小説『すべてが思い通りにいかなくても』
夢だと思った。
しかし、目が覚めた時に見えた天井は自分の部屋ではなかった。そうだ。これは病院の天井だ。待合室で背中を丸めて順番を待っている時、この天井が目に映っていた。模様は日によって犬の顔や人の顔に見えたりした。だからと言ってそれらを見つけても感慨深いという感情は皆無だった。ただ、ここにこうしているという事は、私は助かってしまったのか……。
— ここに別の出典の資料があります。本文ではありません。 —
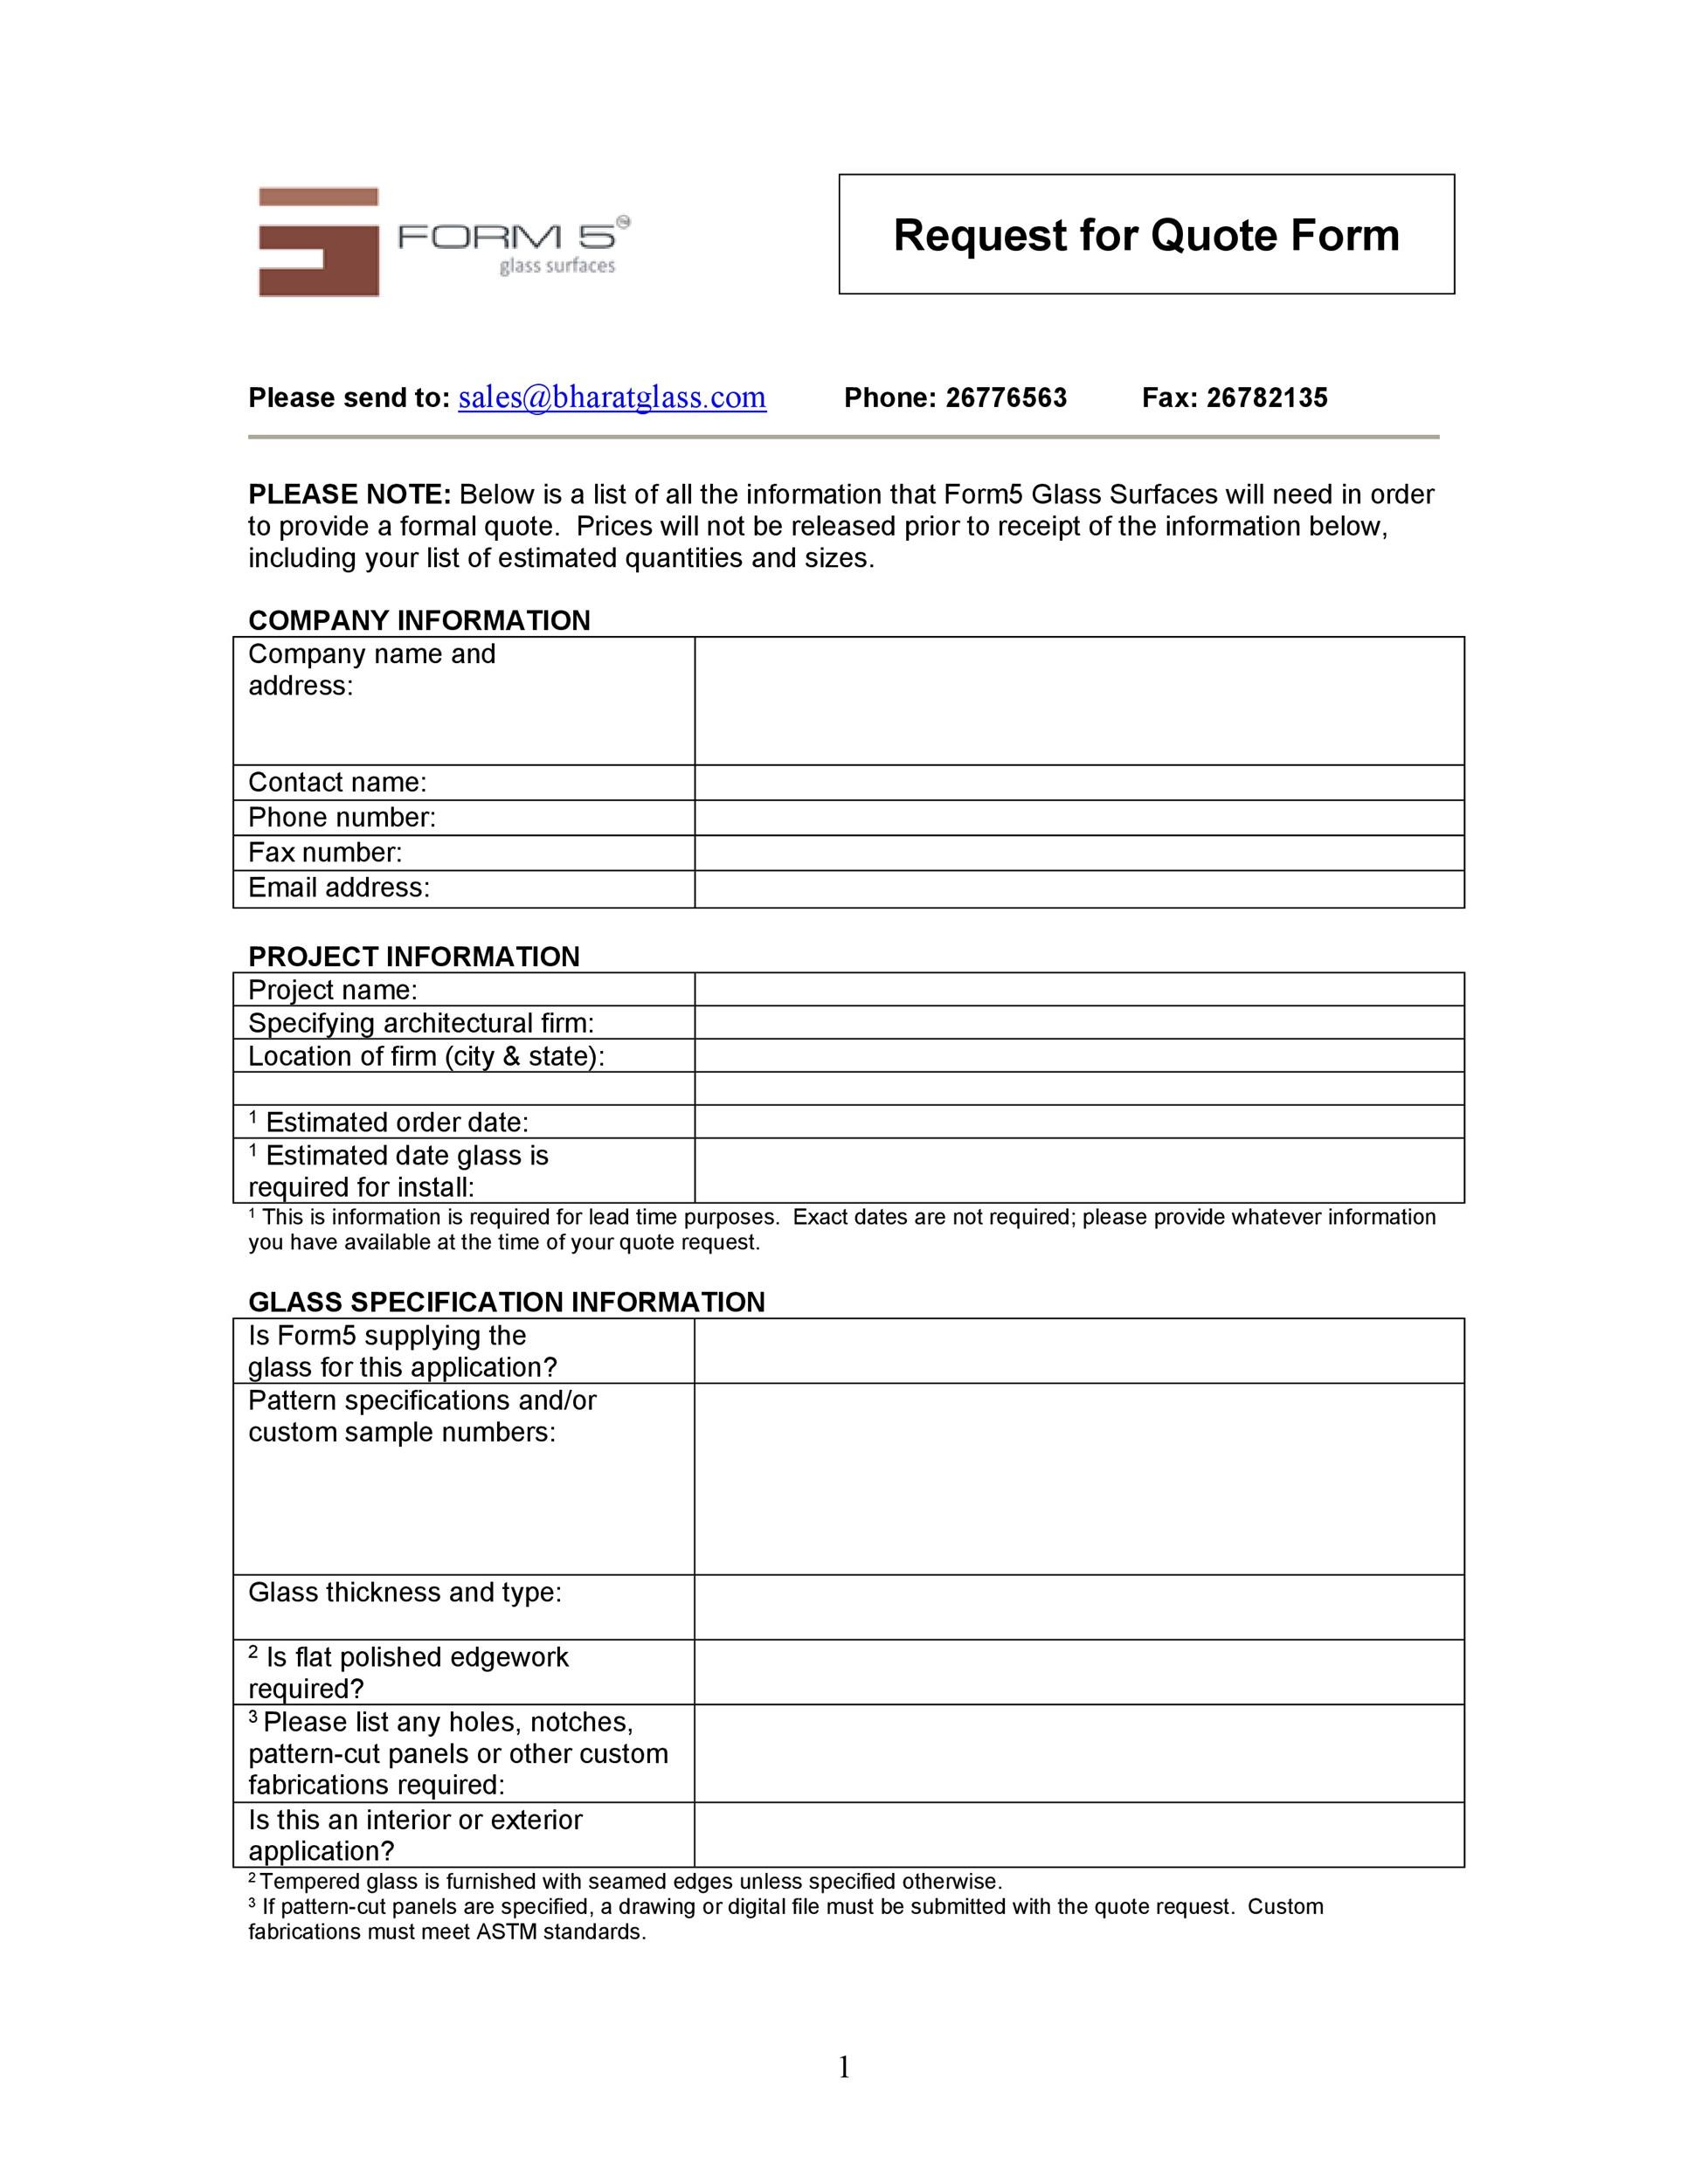 Quote Request Form Template Excel from templatelab.com

昨夜、深夜の事だ。もう何にもしたくない、そんな後ろ向きな自由を望み、私はほとんど衝動的に自分が住むマンションの三階の部屋の窓を開け、半分ほどしか覆われていない面格子を越えて地面へと飛び降りた。その高さでは一か八か。けれど打ち所が悪ければ、頭からコンクリートにぶつかり、その果てには、と薄暗く膨らんだ希望が実行できたはずなのだ。
「ああ、目覚めたの」
見たことのない高齢の医師が目の前にいて、目を開けた私に言った。
「ええとね、擦り傷ね。体操選手みたいにきれいに着地して豊かな草か何かでバウンドしてそのまま道路まで転がったみたい。車が走ってなかったのが幸いだったね。後はあなた自身が飲んだ薬のせいで気を失っていたのでしょう。それも既定の量の睡眠薬だから心配ないです。まあ、すぐ退院できますよ。ゆっくり休んで」
医師はそのように私に告げると、看護師さんと近くにいたスーツを着た男性に何やら指示し、病室を出た。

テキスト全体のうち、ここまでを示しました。